In the background, the district is using an algorithm to trim its spending on transportation – a persistent driver of its budget deficit. Finding those efficiencies, and staggering start times, may have led that algorithm to flip certain schools into a much earlier time bracket.

But to Candy, including Henderson makes this look like a decision made on autopilot. “I question the human aspect of the algorithm. Did anybody stop to think, ‘Holy cow, this is a fully inclusive school. Maybe we need to pull them out of the mix?’”

The Henderson community isn’t the only one greeting a much earlier start with frustration. Under the new schedule, 17 schools — mostly elementary and K-8 — will experience an even bigger swing, opening earlier by two hours or more. (Five more will open at least two hours later.)

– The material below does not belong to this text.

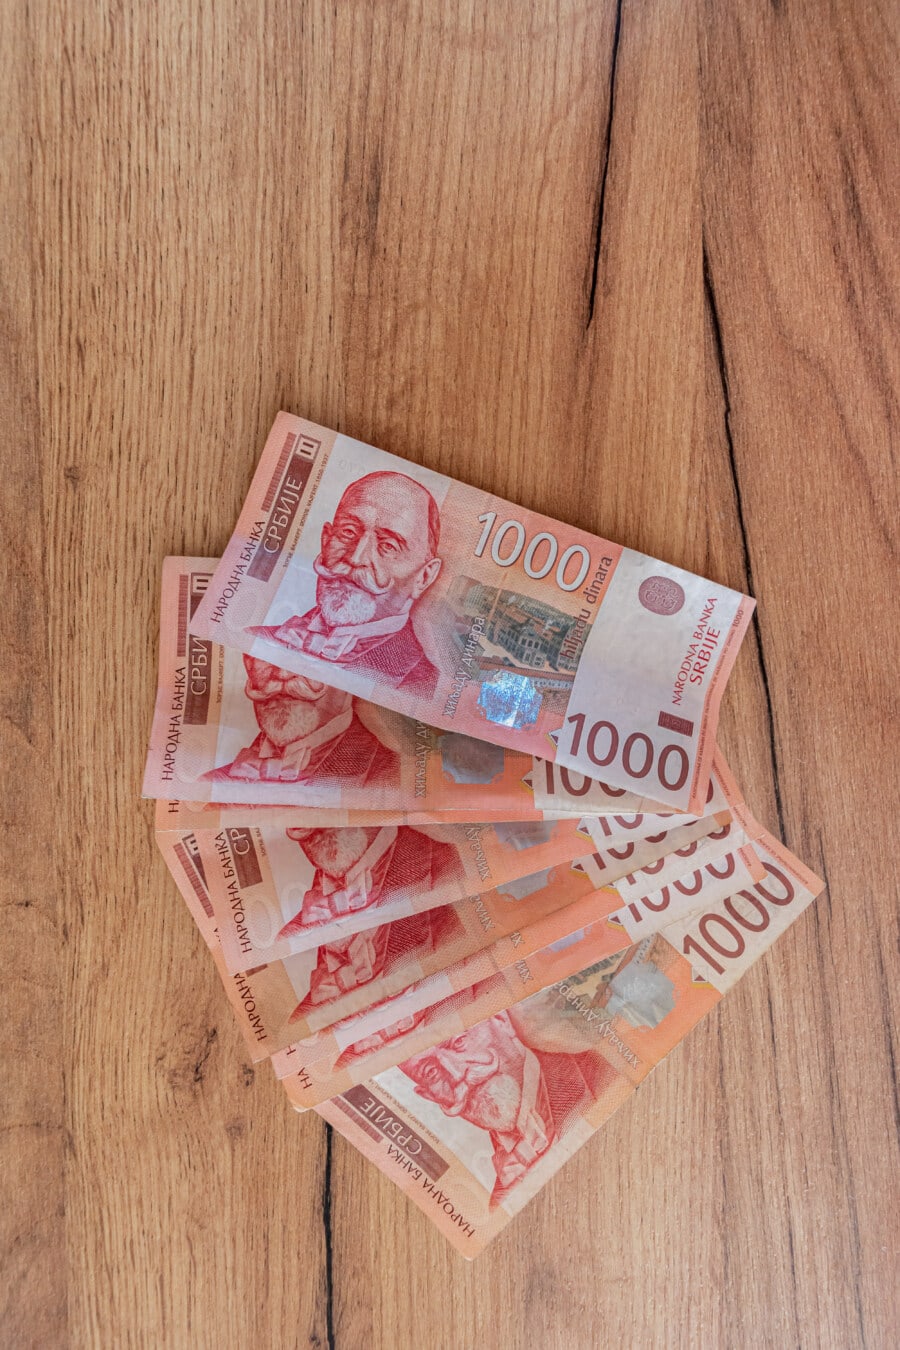 Σερβικό δηνάριο, χαρτονόμισμα, τραπεζογραμμάτιο, Σερβία, χρήματα, μετρητά, χαρτί, νόμισμα, οικονομικών, εξοικονόμηση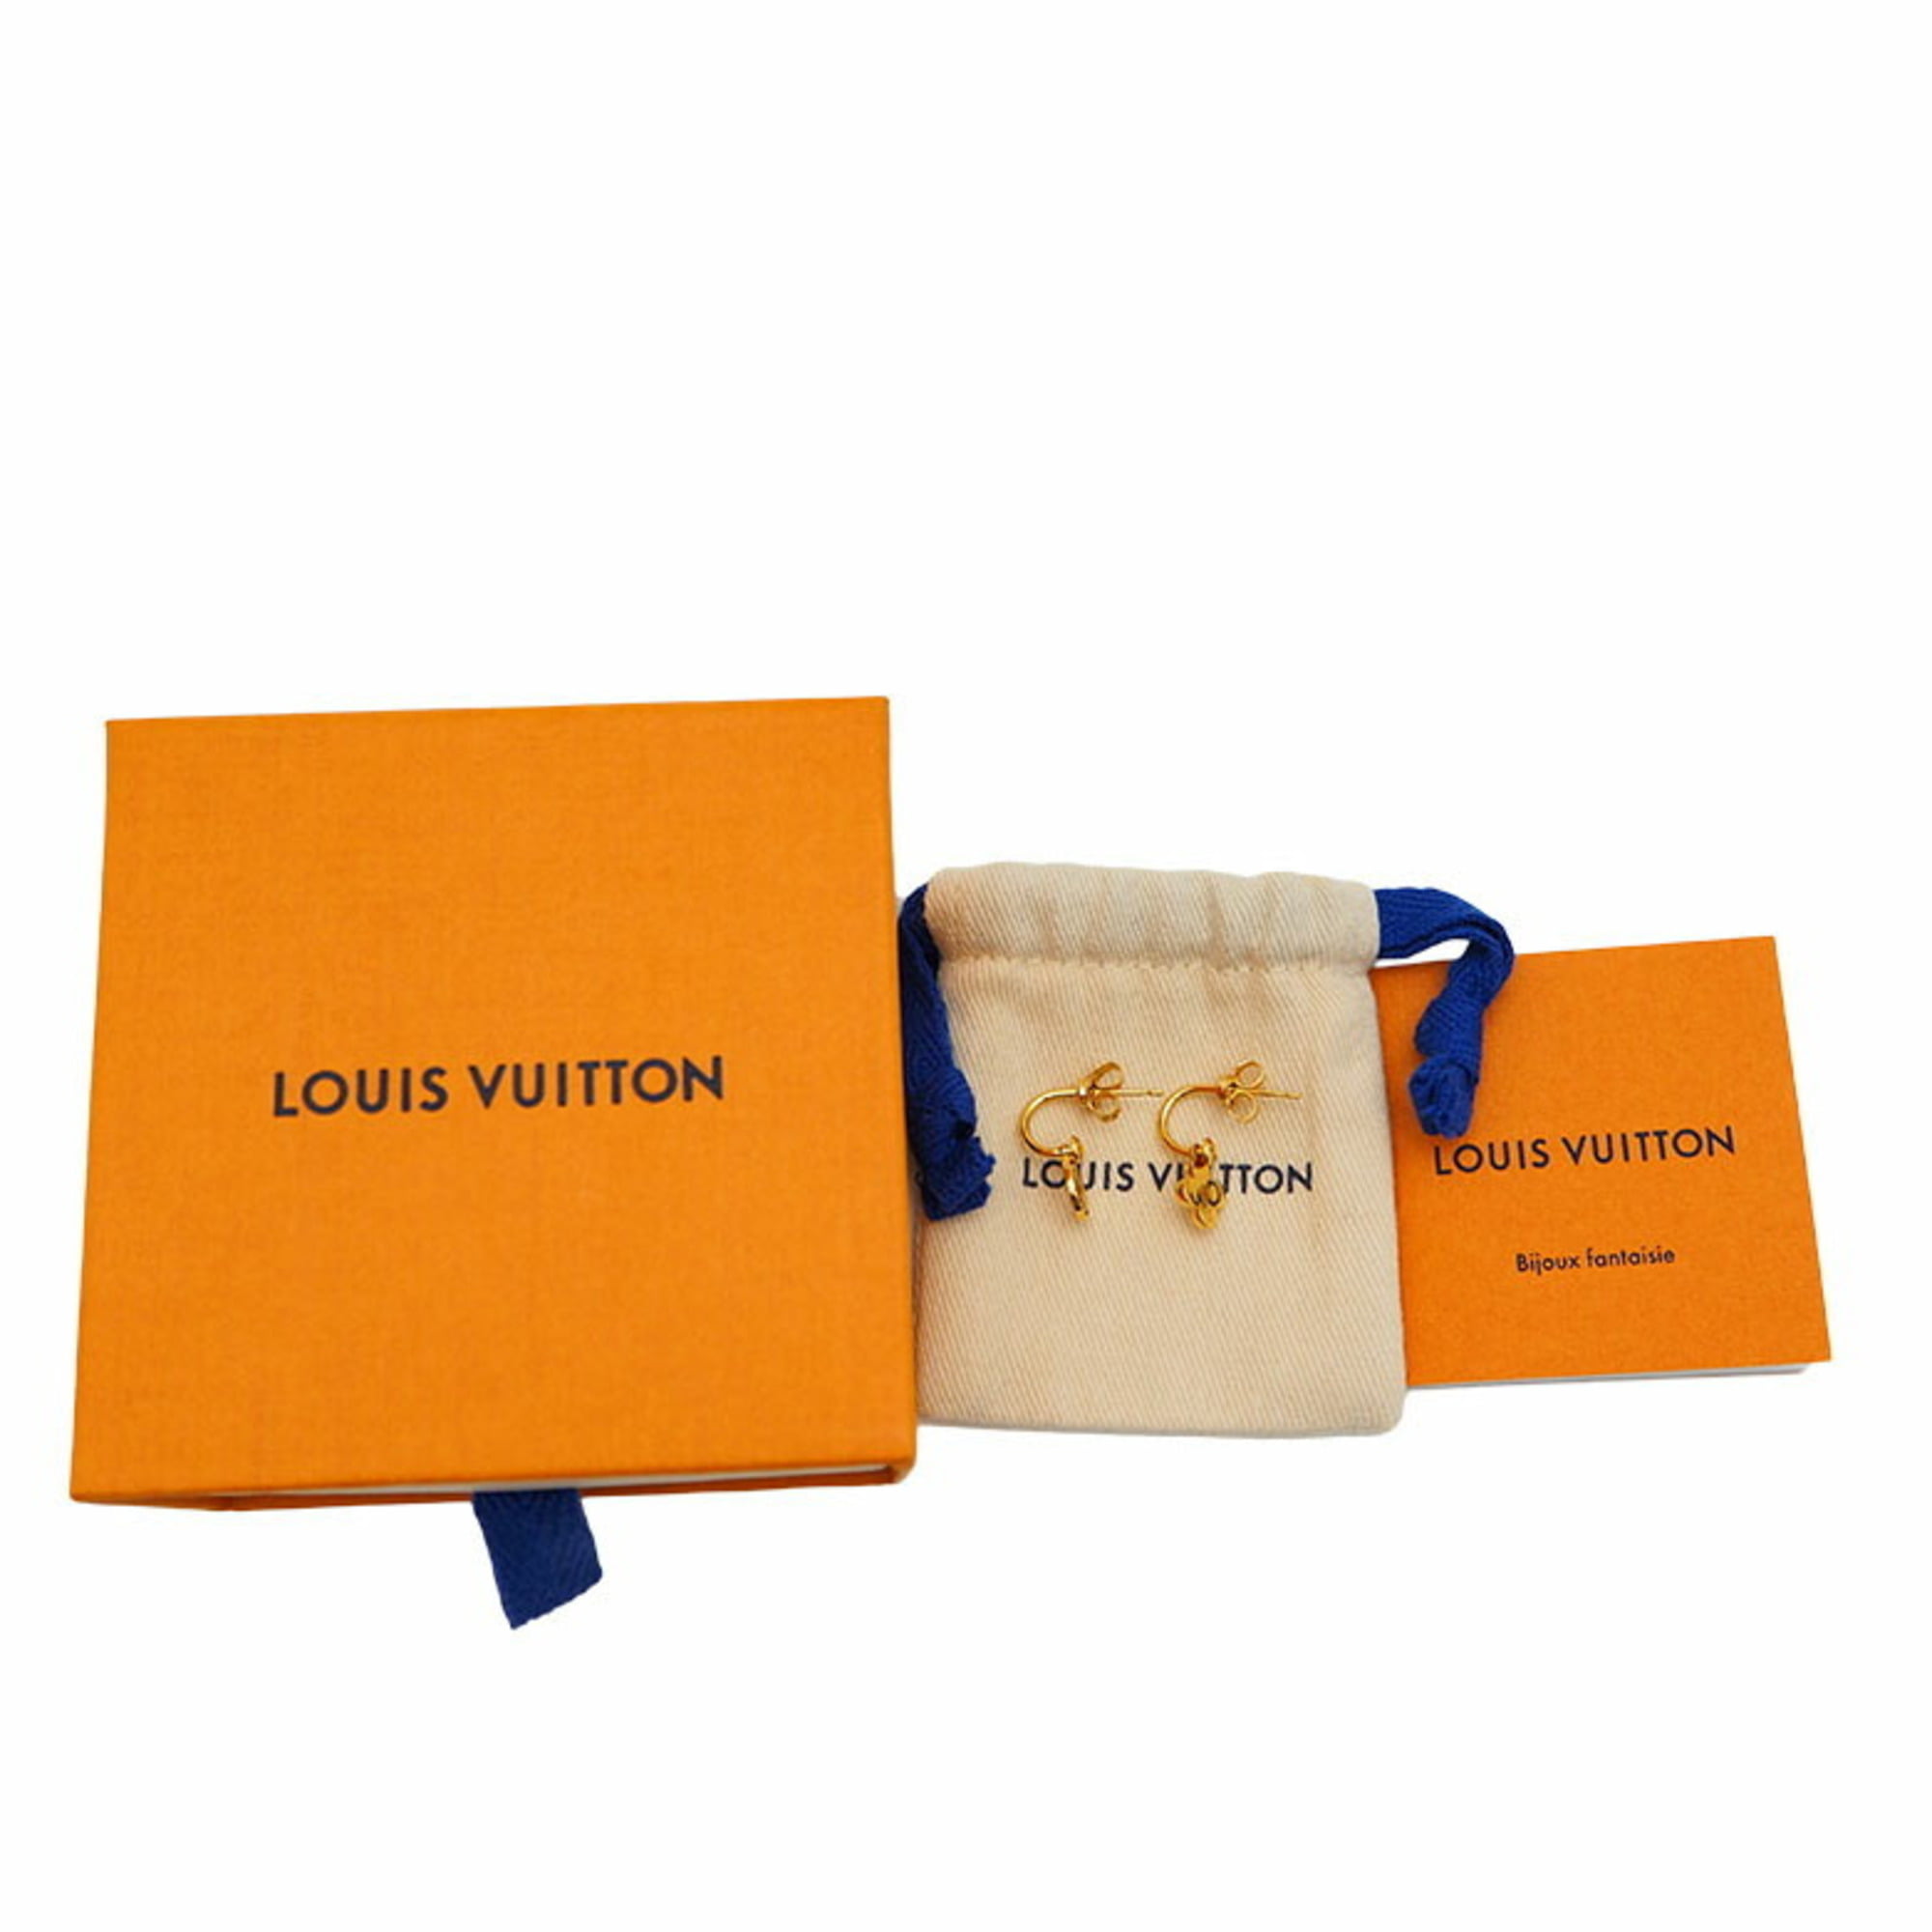 LOUIS VUITTON Earrings Bookreille Gold Pink Blue Flower Heart Rare France

A petition protesting the changes was posted Thursday night, and had more than 4,500 signatures by Sunday morning. Many aggrieved parents say they support the changes made for high school students, but don’t see why their own schools have to experience such a swing.

This year, the Mendell Elementary School in Roxbury dismisses its students at 4:10 p.m. Next year, that will move back 135 minutes, to 1:55 p.m.
That poses a problem for Mendell parent Patrick Banfield in picking up his son; both he and his wife work. Banfield says that given the long days he sometimes works as an attorney, “the thought of my five-year-old son having to be at school for 11 hours [every day] is insanity.”

Banfield says the new schedule may save the district money, but it could cost parents a lot: thousands of dollars more to cover all the additional after-school care. Those added costs, he says, could end up driving middle-class families like his out of the district.

Other parents worried about coaches and trainers for student-athletes. They won’t be able to move practice earlier, since “they’re working people, too,” said Steve Sullivan, who has two kids at the Lyndon K-8 School.

Still others foresaw worsening changes in the rhythm of their children’s days. Like Langdon White, another Henderson parent: “My kids already eat lunch — in heavy quotes — before 11 a.m. Does this mean they’re going to be eating lunch by ten?”

The changes do have defenders. Many high schoolers and their parents, in particular, celebrated online as their start times got later. (94 percent of the district’s high schools will start after 8 a.m. next fall, as opposed to 27 percent this year.)

Even Henderson parents like Maggie Mancuso, who has three children there, said in an email she was “psyched they will be home earlier and I will have more time with them.” Mancuso says she thinks parents are “freaking” out at the disruption but will find that things fall into place next year.

That’s small solace to Roy Karp. His daughter is new to Boston Public Schools, but he already feels wary of the district’s “backwards” approach to thorny questions like this one.

“BPS does this a lot: announce major policy changes and then reacts” to family unhappiness, Karp said. “But it’s a fait accompli! You’ve already announced the policy, and now you’re just doing damage control!”

On its website, the district lists potential ways of coping with the new clock, including after-school programs, letters of explanation sent to employers and, finally, transfers to a new school.

But going back to the computer to readjust a single school’s schedule isn’t one of them.

This story was first published on Dec. 9 on the website of WBUR 90.9 FM, Boston’s NPR News Station. The Reporter and WBUR have formed a partnership in which the two news organizations will share resources to collaborate on stories. Max Larkin is a multimedia reporter for Edify, WBUR’s education vertical.